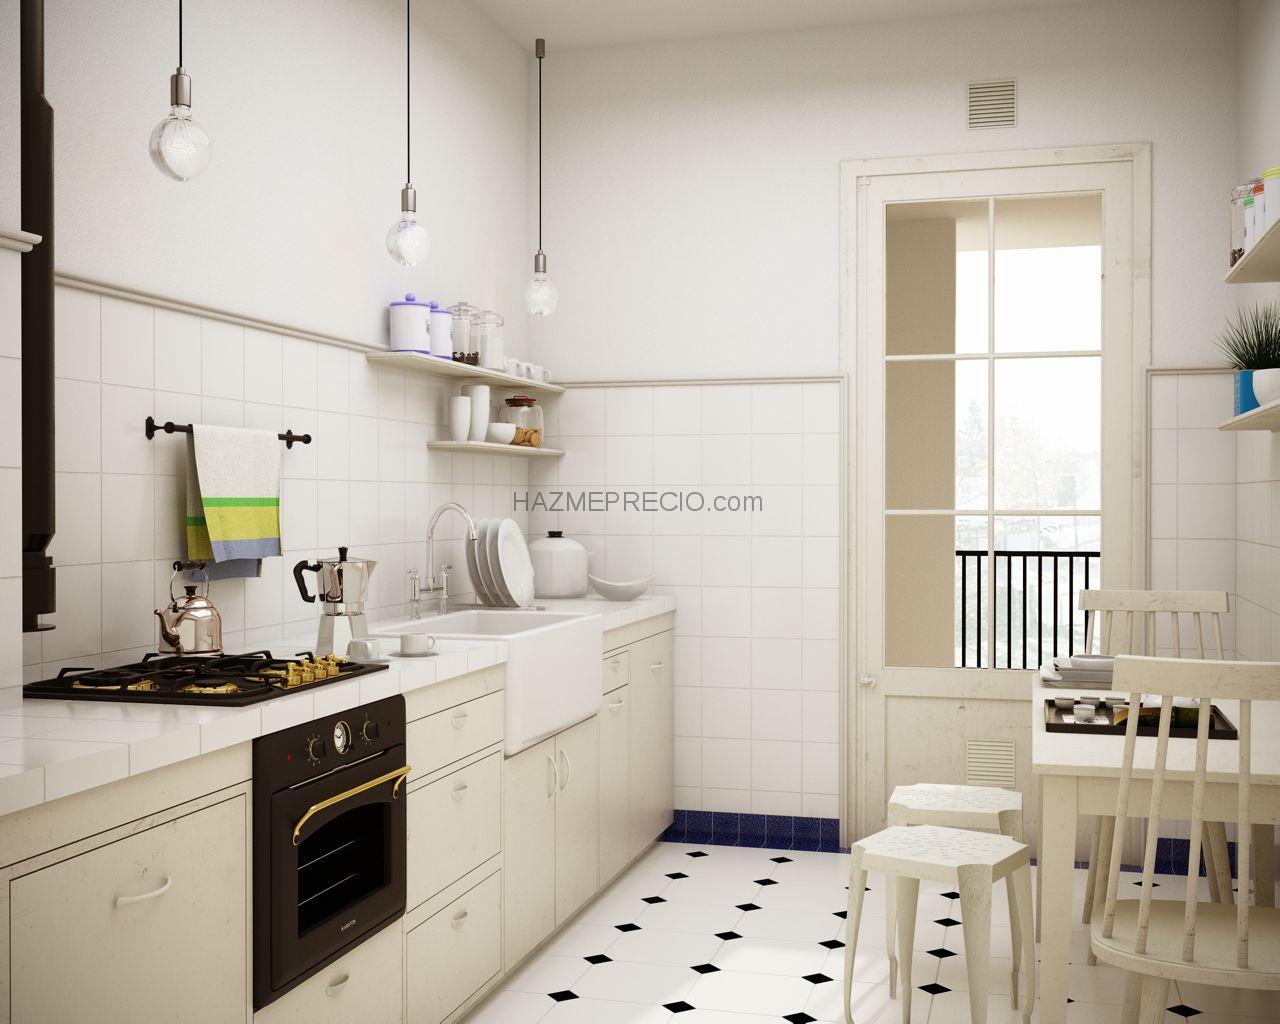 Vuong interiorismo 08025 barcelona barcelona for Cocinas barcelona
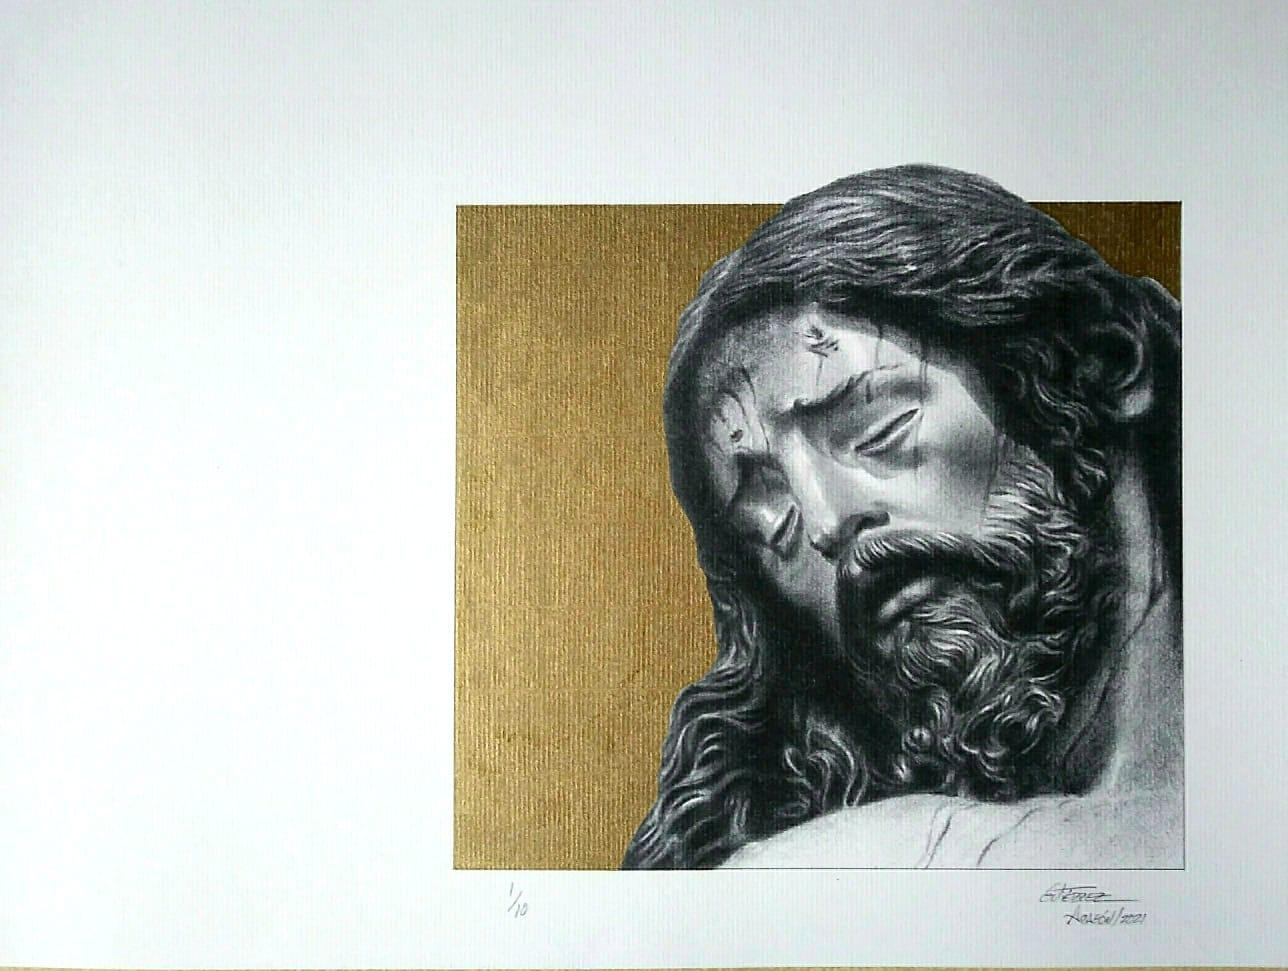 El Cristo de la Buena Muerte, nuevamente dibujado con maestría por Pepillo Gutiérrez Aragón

==

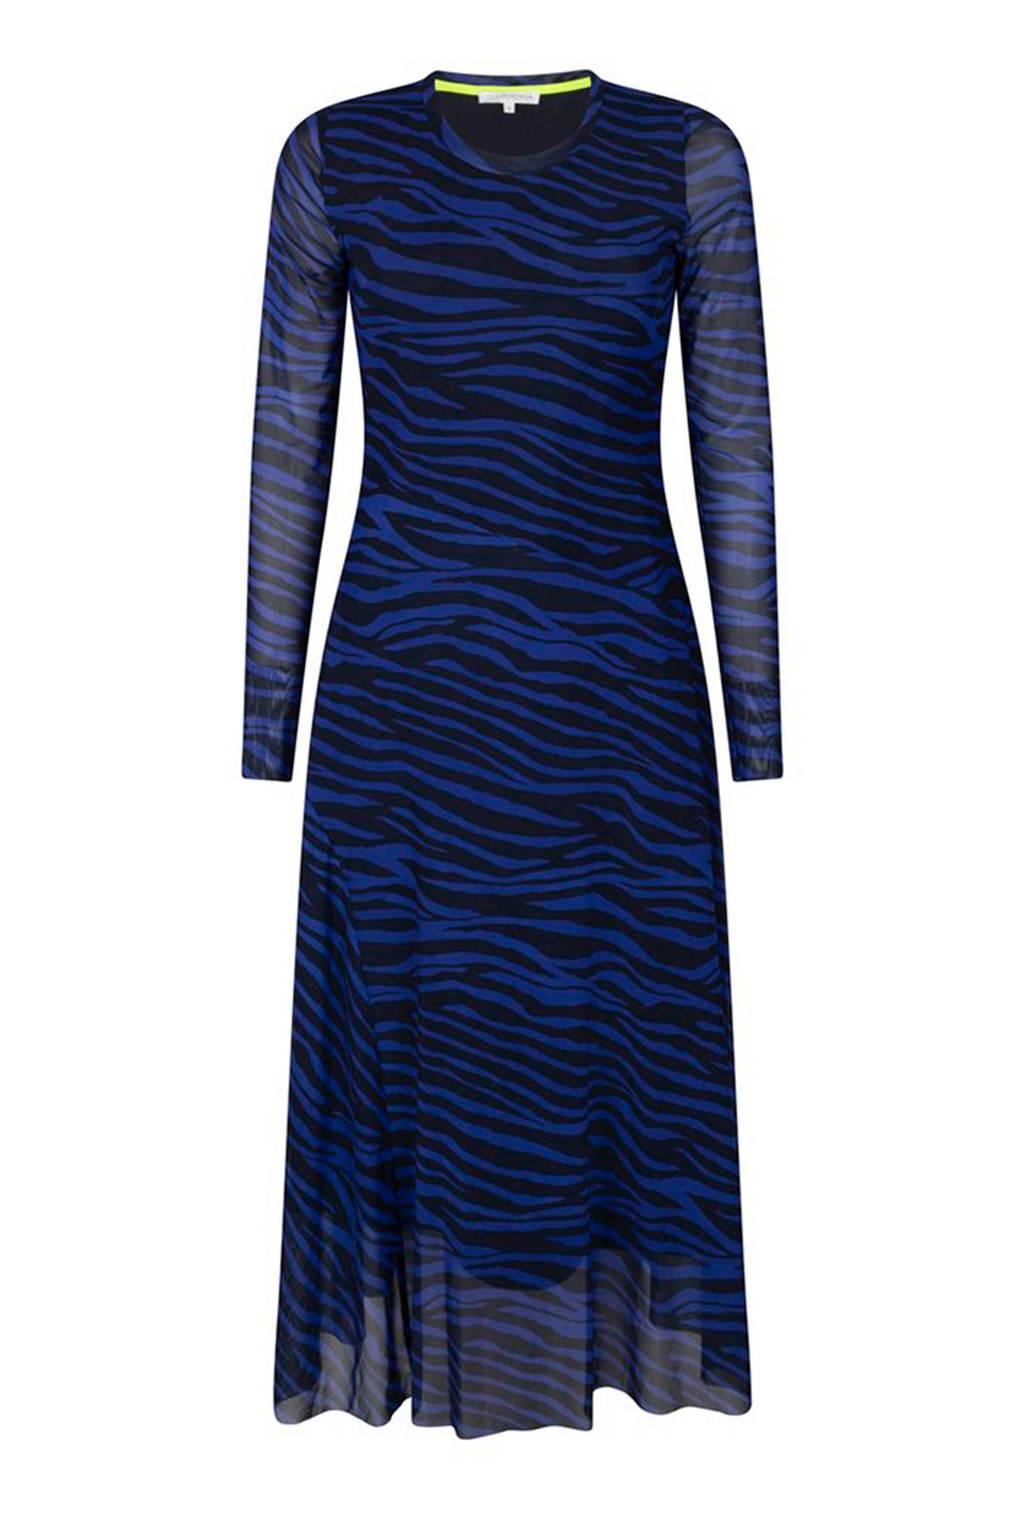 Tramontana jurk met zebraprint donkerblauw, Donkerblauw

The task:
What you write out is the stretch of entries from the line containing "Vuong interiorismo 08025" to the line containing "El Cristo de", word for word, with both end lines and no pictures.

Solution:
 Vuong interiorismo 08025 barcelona barcelona for Cocinas barcelona
 El Cristo de la Buena Muerte, nuevamente dibujado con maestría por Pepillo Gutiérrez Aragón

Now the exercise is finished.